START Available data

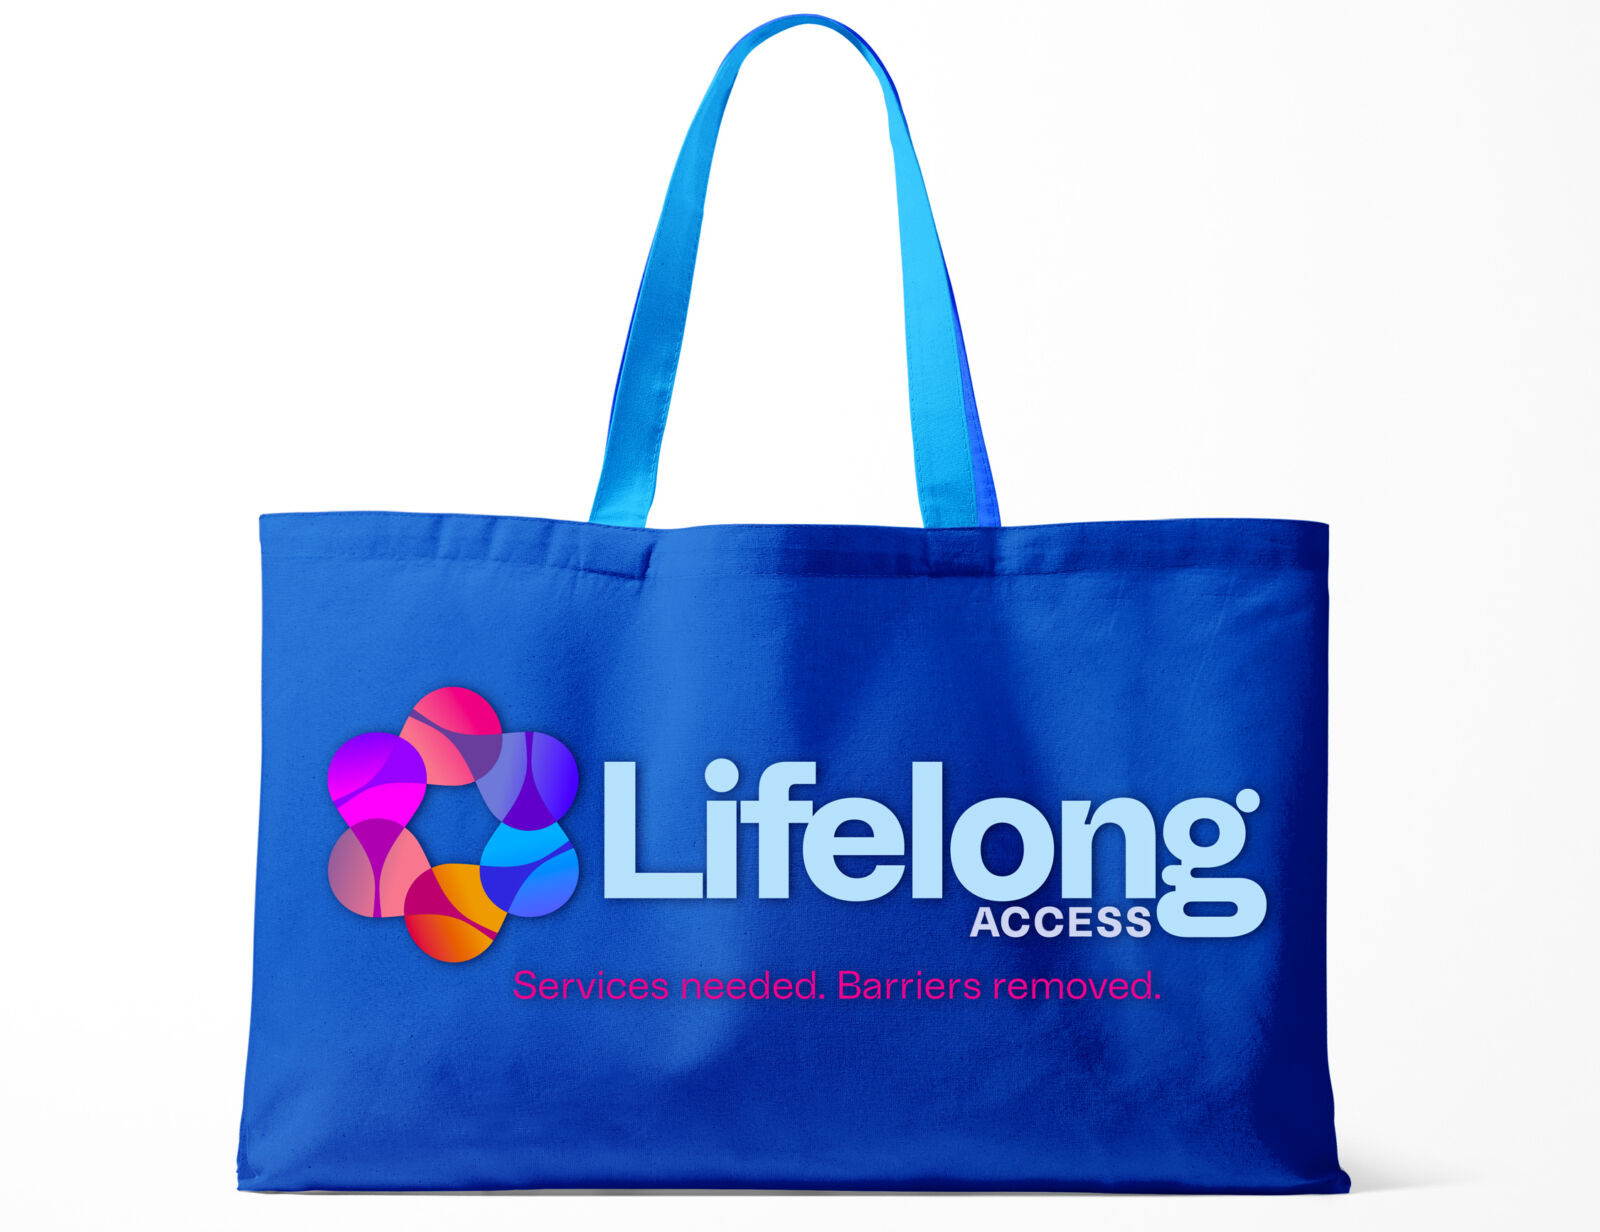 Lifelong Access rebrand pouch
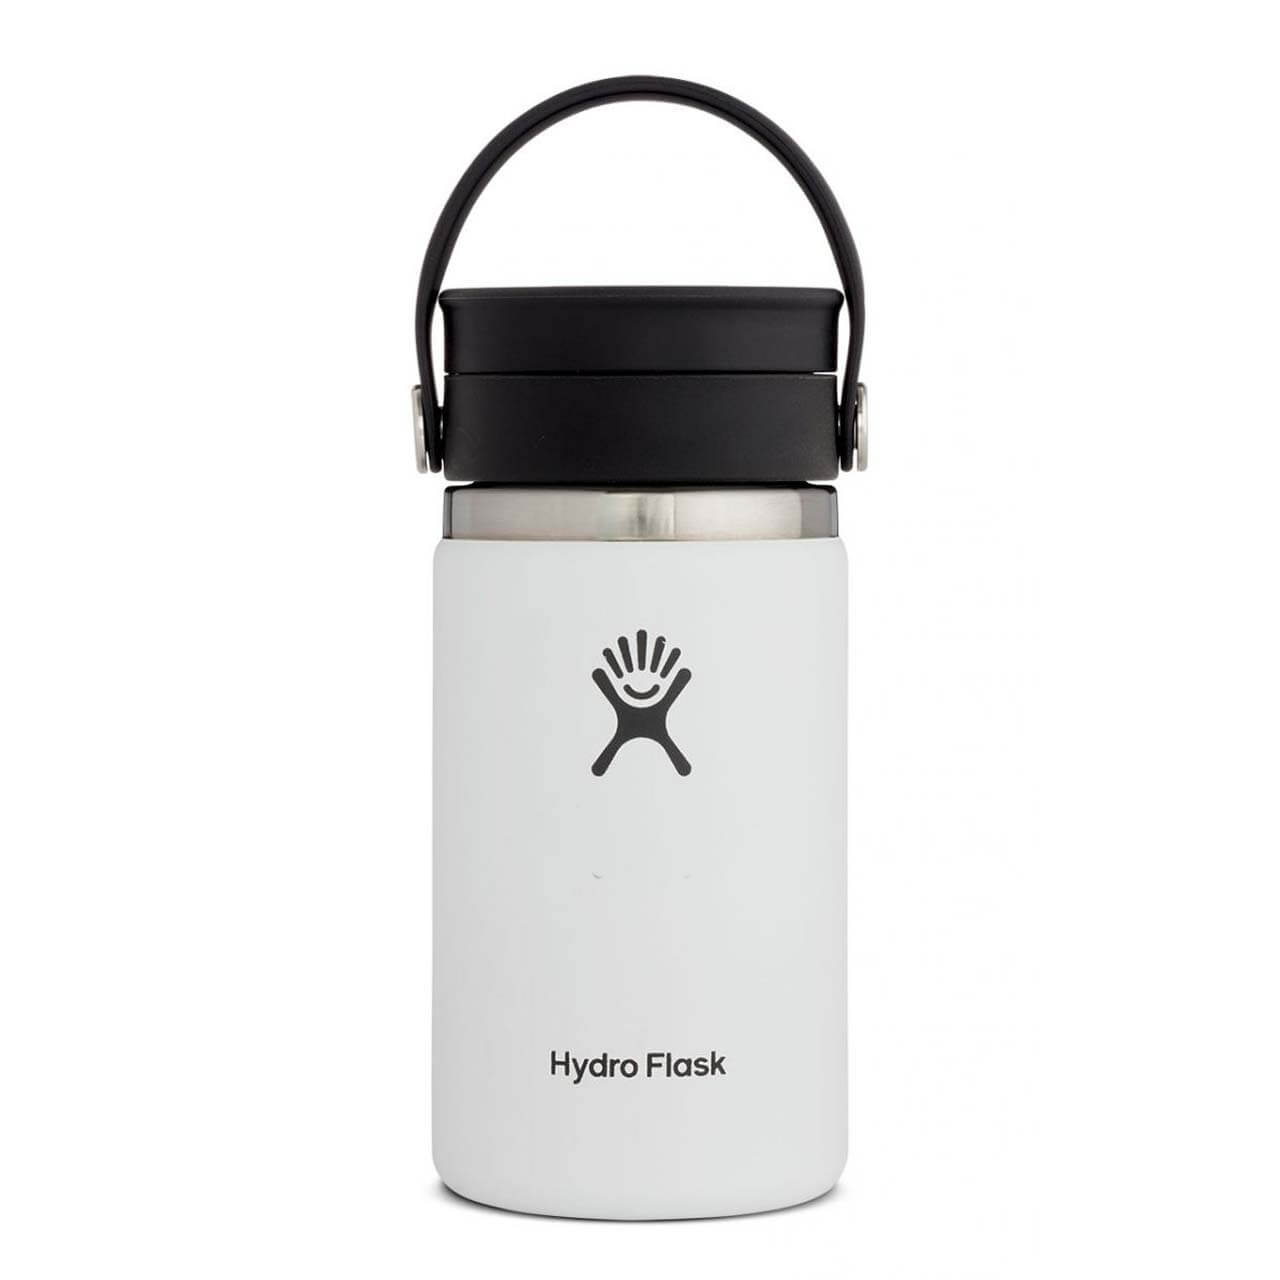 Hydro Flask Kaffeebecher - White, 12 oz von Hydro Flask}
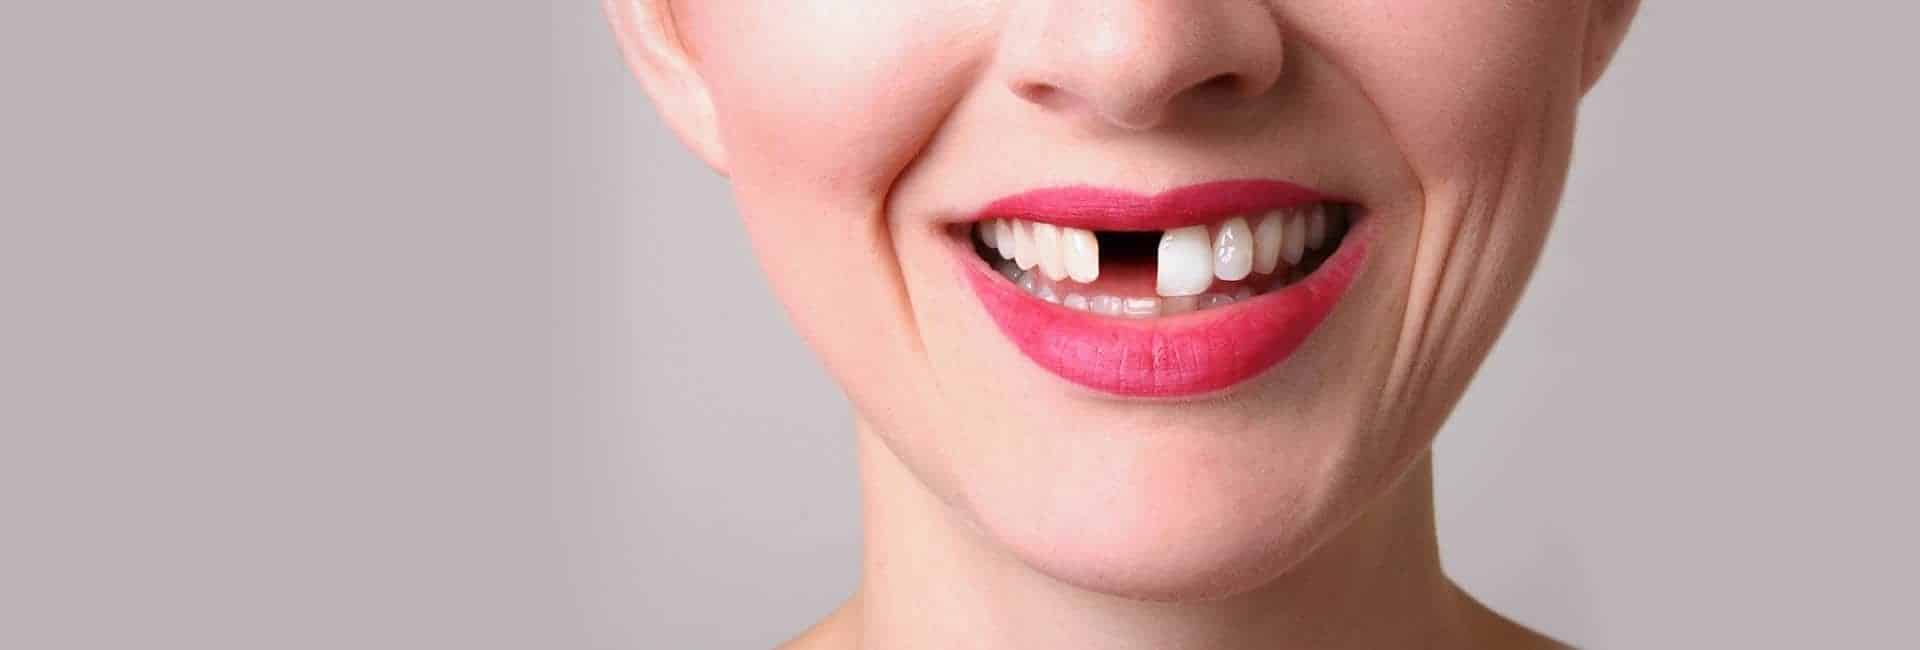 Diş Fırçalama Oranları Düşük: Neden, Nasıl Ve Ne Kadar Diş Sağlığımıza Dikkat Etmeliyiz?
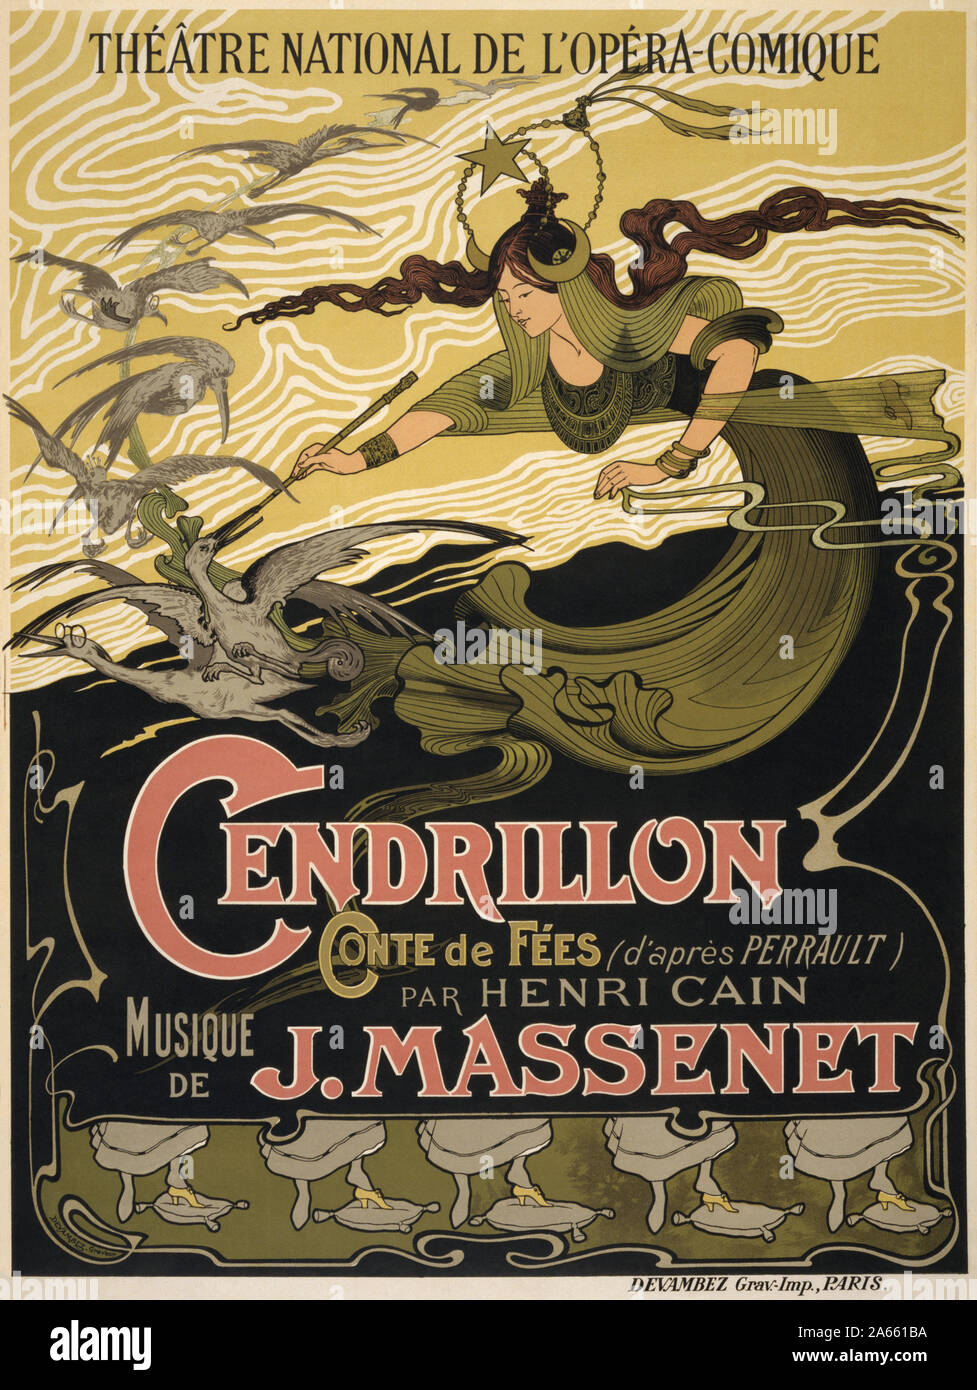 Émile Bertrand - Jules Massenet - Cendrillon poster Stock Photo
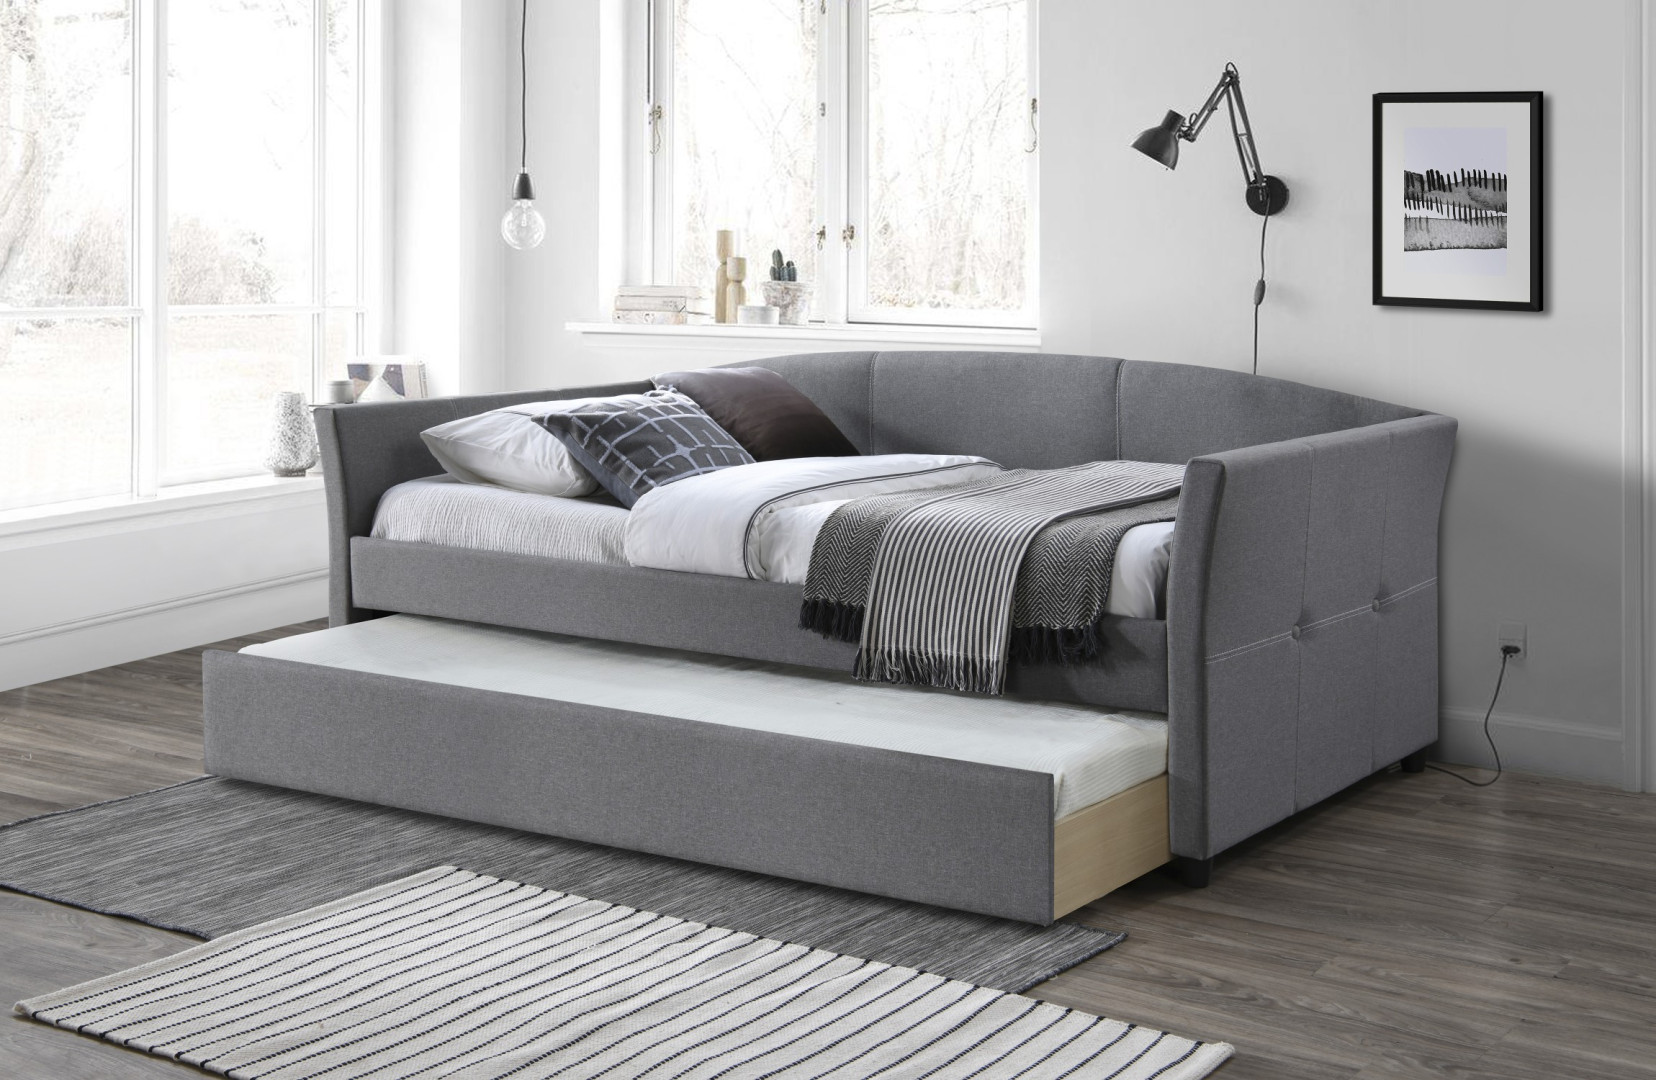 Produkt w kategorii: Łóżka, nazwa produktu: Łóżko Sanna - eleganckie wygodne łóżko
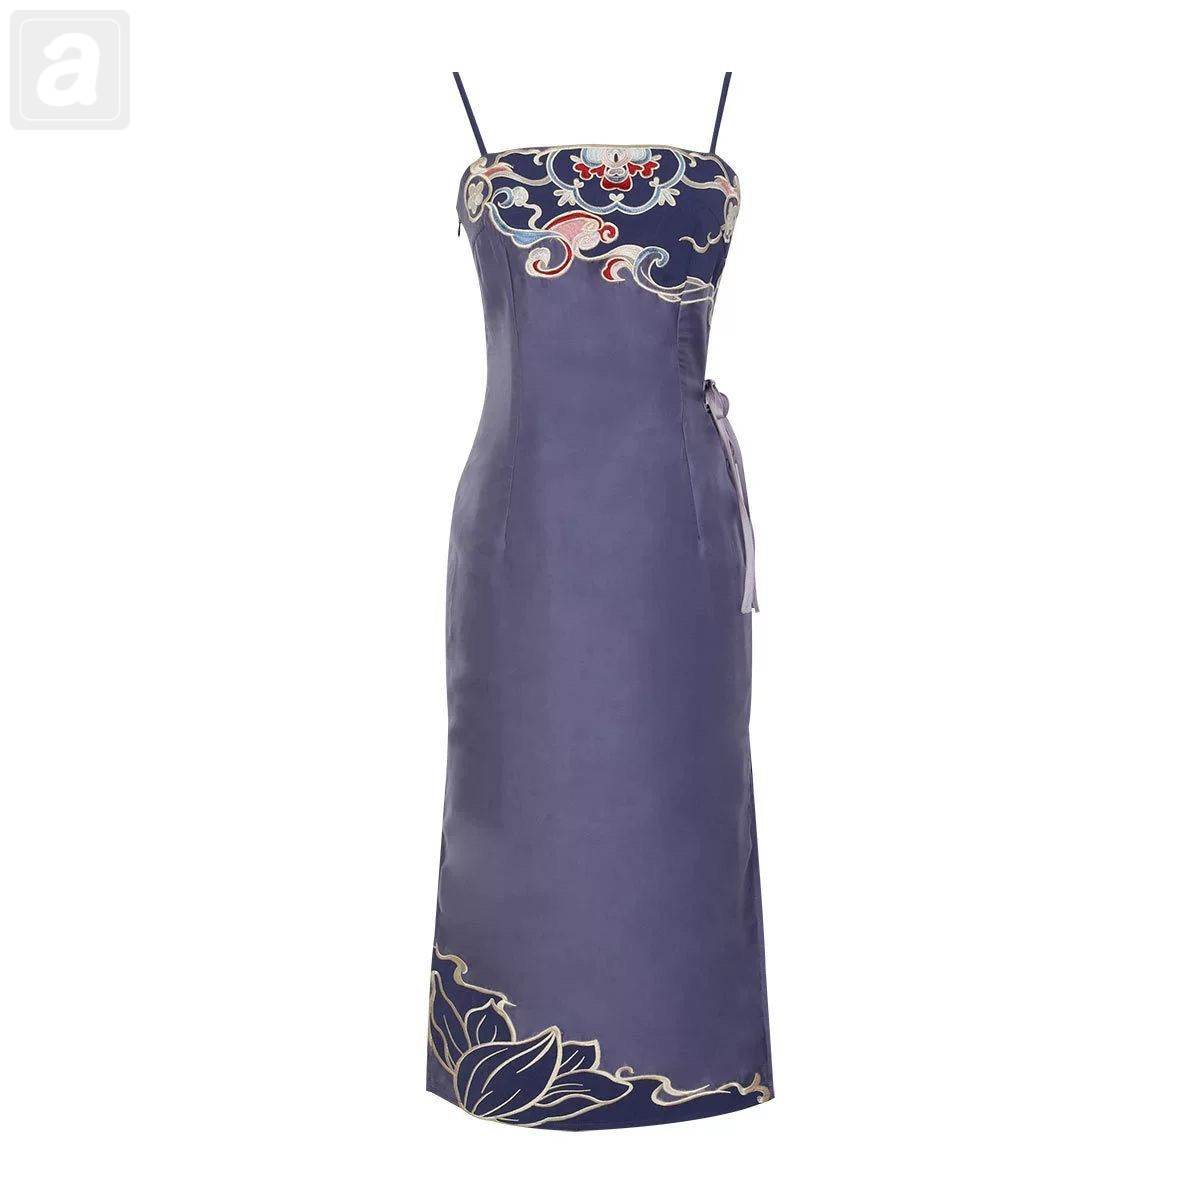 紫色吊帶裙/單品

END Available data

:: Instructions to follow ::
Leaving out all pictures, repeat word for word the lines from the one containing "Hydro Flask Kaffeebecher" through the final line of the material above.

:: Solution for this task ::
 Hydro Flask Kaffeebecher - White, 12 oz von Hydro Flask}
 Diş Fırçalama Oranları Düşük: Neden, Nasıl Ve Ne Kadar Diş Sağlığımıza Dikkat Etmeliyiz?
 Émile Bertrand - Jules Massenet - Cendrillon poster Stock Photo
 Produkt w kategorii: Łóżka, nazwa produktu: Łóżko Sanna - eleganckie wygodne łóżko
 紫色吊帶裙/單品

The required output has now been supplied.